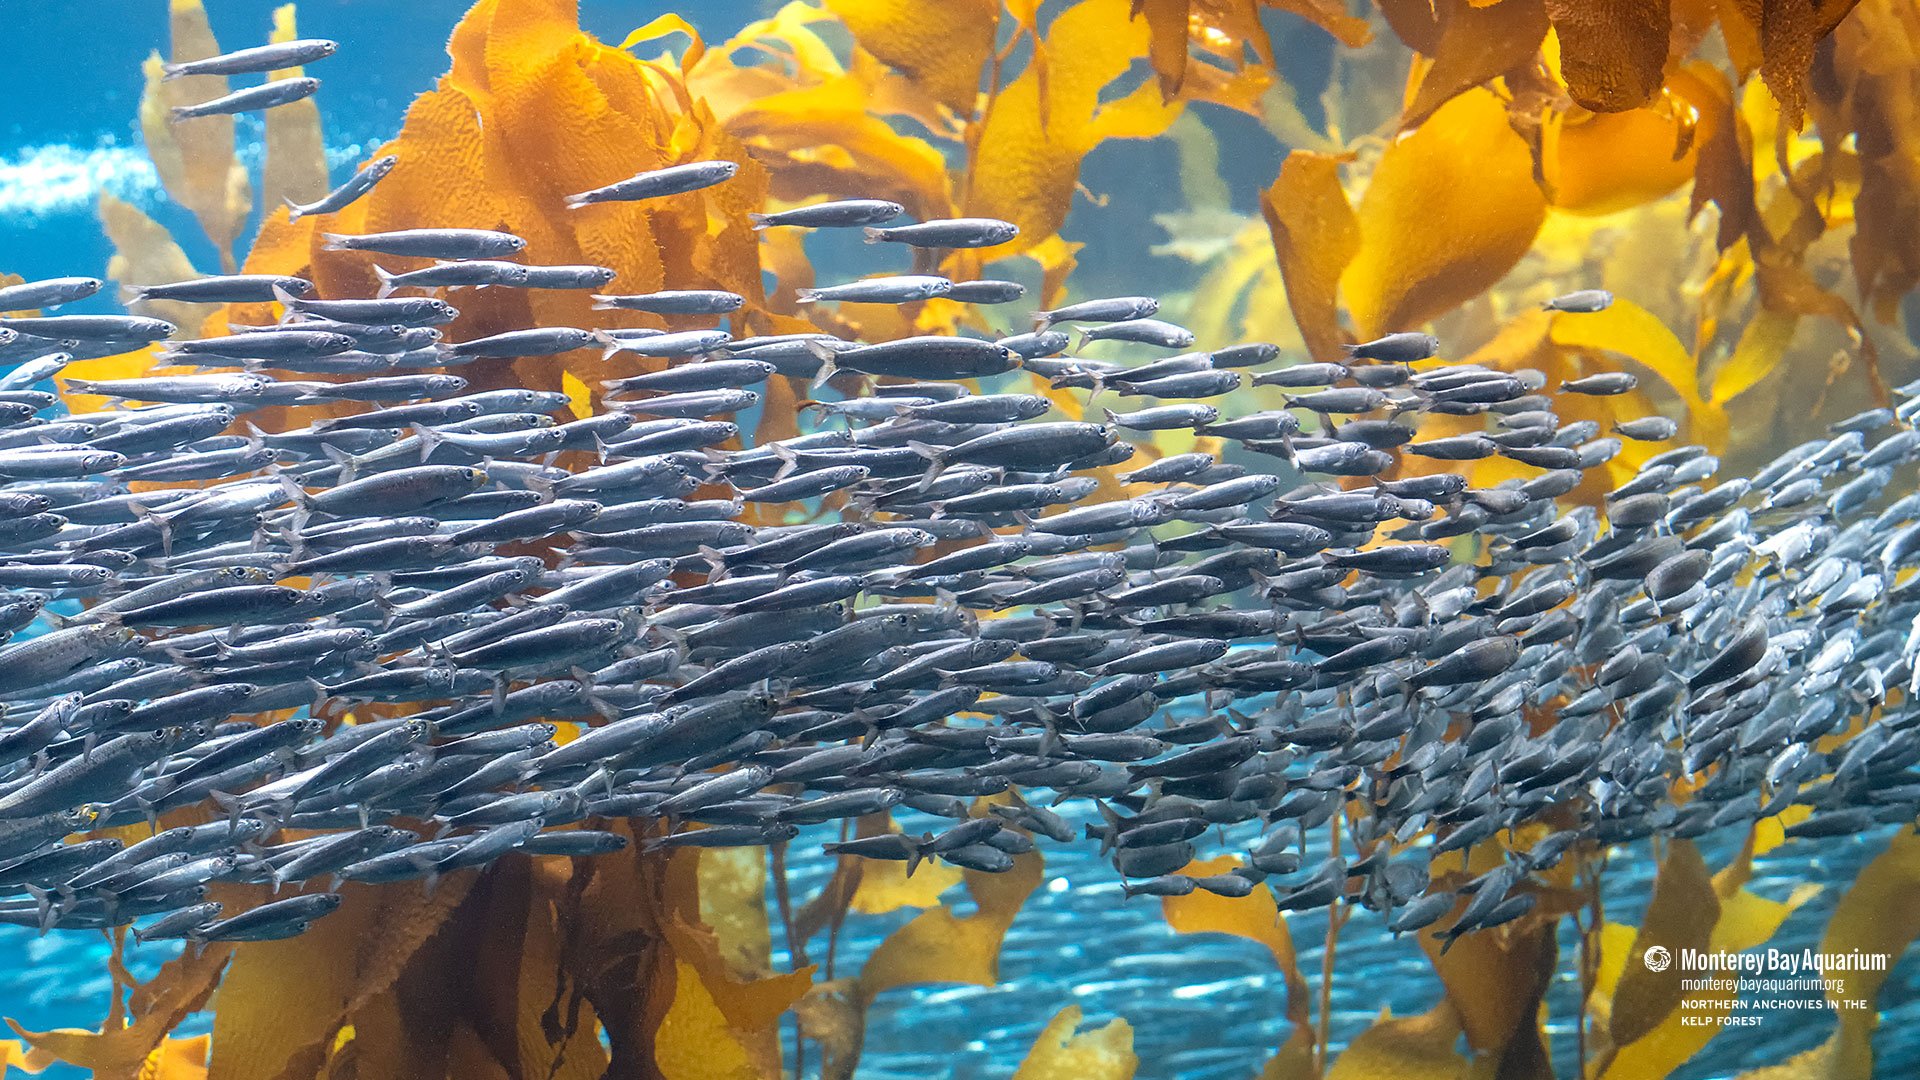 kelp forest food web
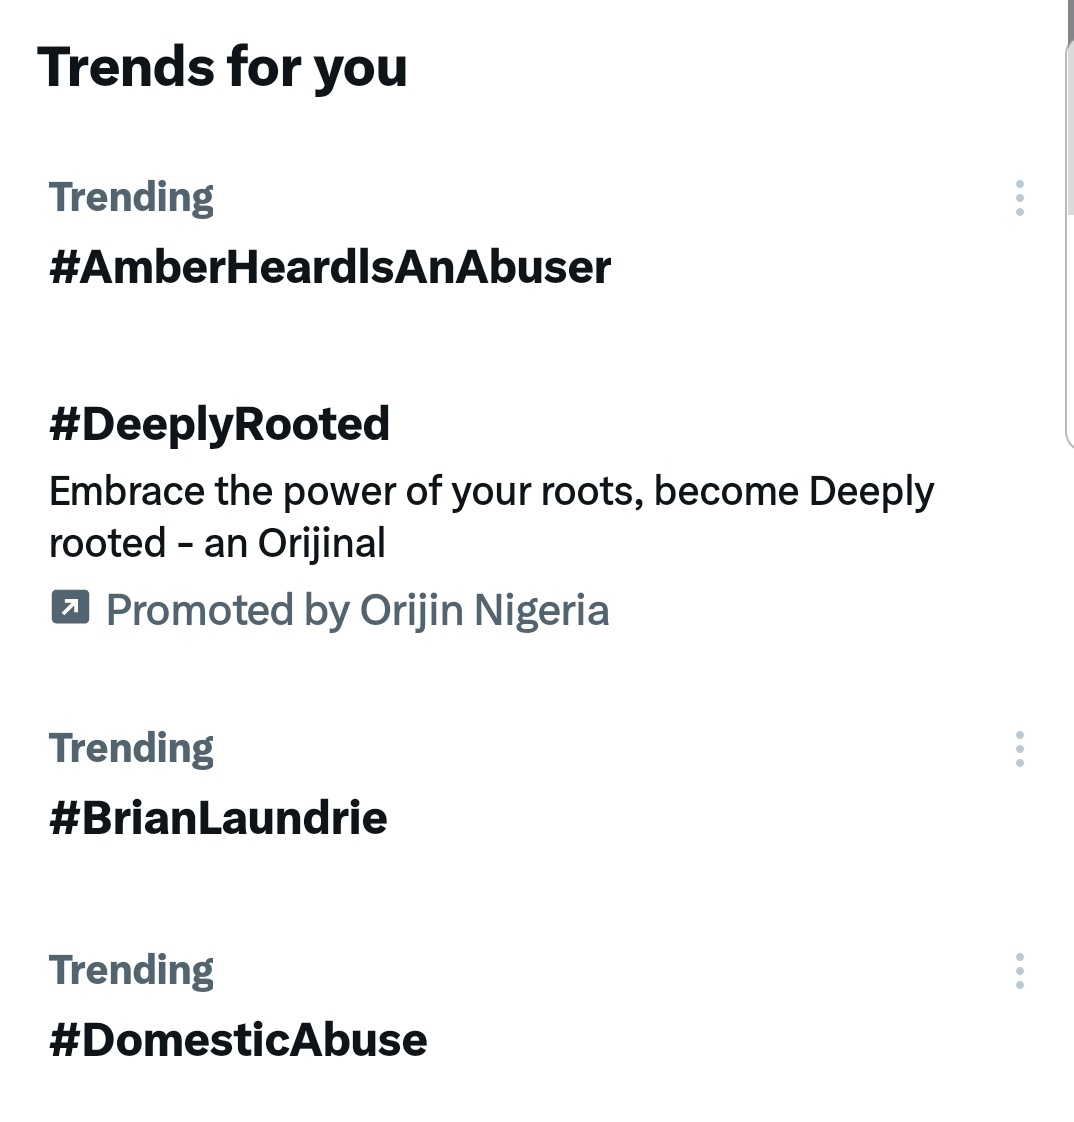 Interesting #AmberHeardIsAnAbuser, #BrianLaundrie &
#DomesticAbuse trending together.
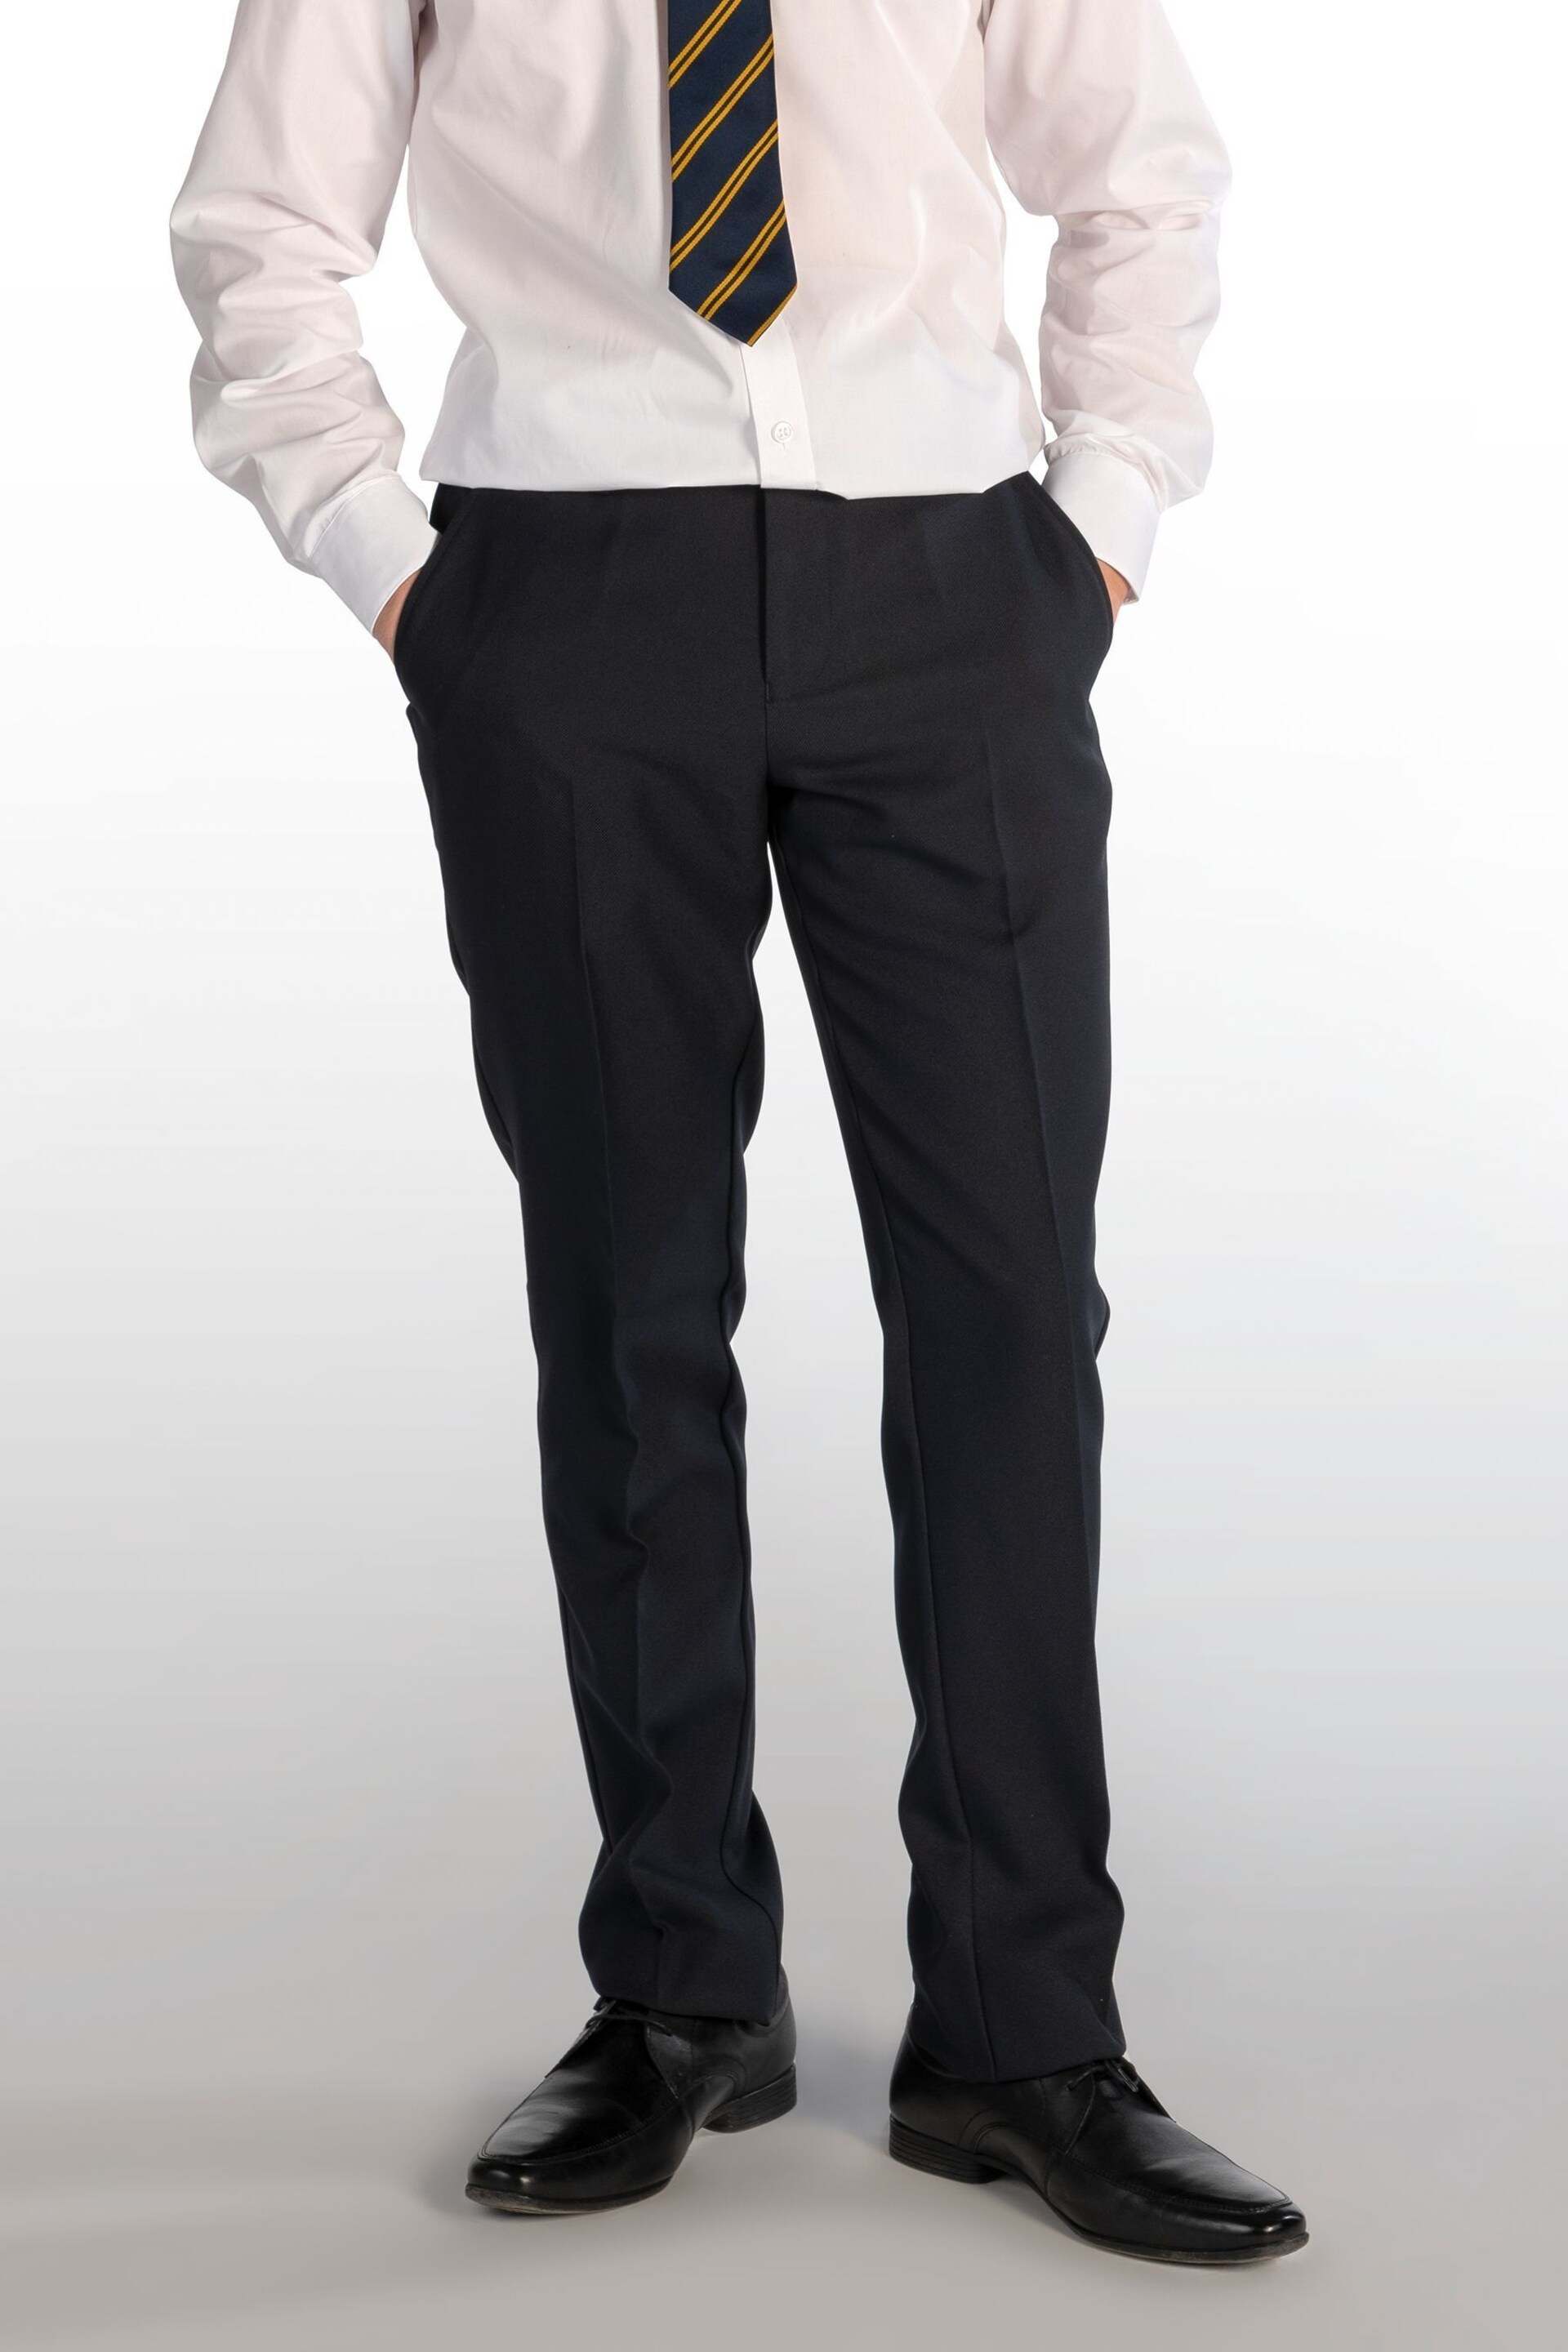 Trutex Senior Boys Grey Slim Leg School Trousers - Image 1 of 3

What is being asked: Pictures aside, reproduce exactly the lines from the one containing "#DomesticAbuse trending together." to the end of the listing above, both ends included.

Answer box:
#DomesticAbuse trending together.
 Trutex Senior Boys Grey Slim Leg School Trousers - Image 1 of 3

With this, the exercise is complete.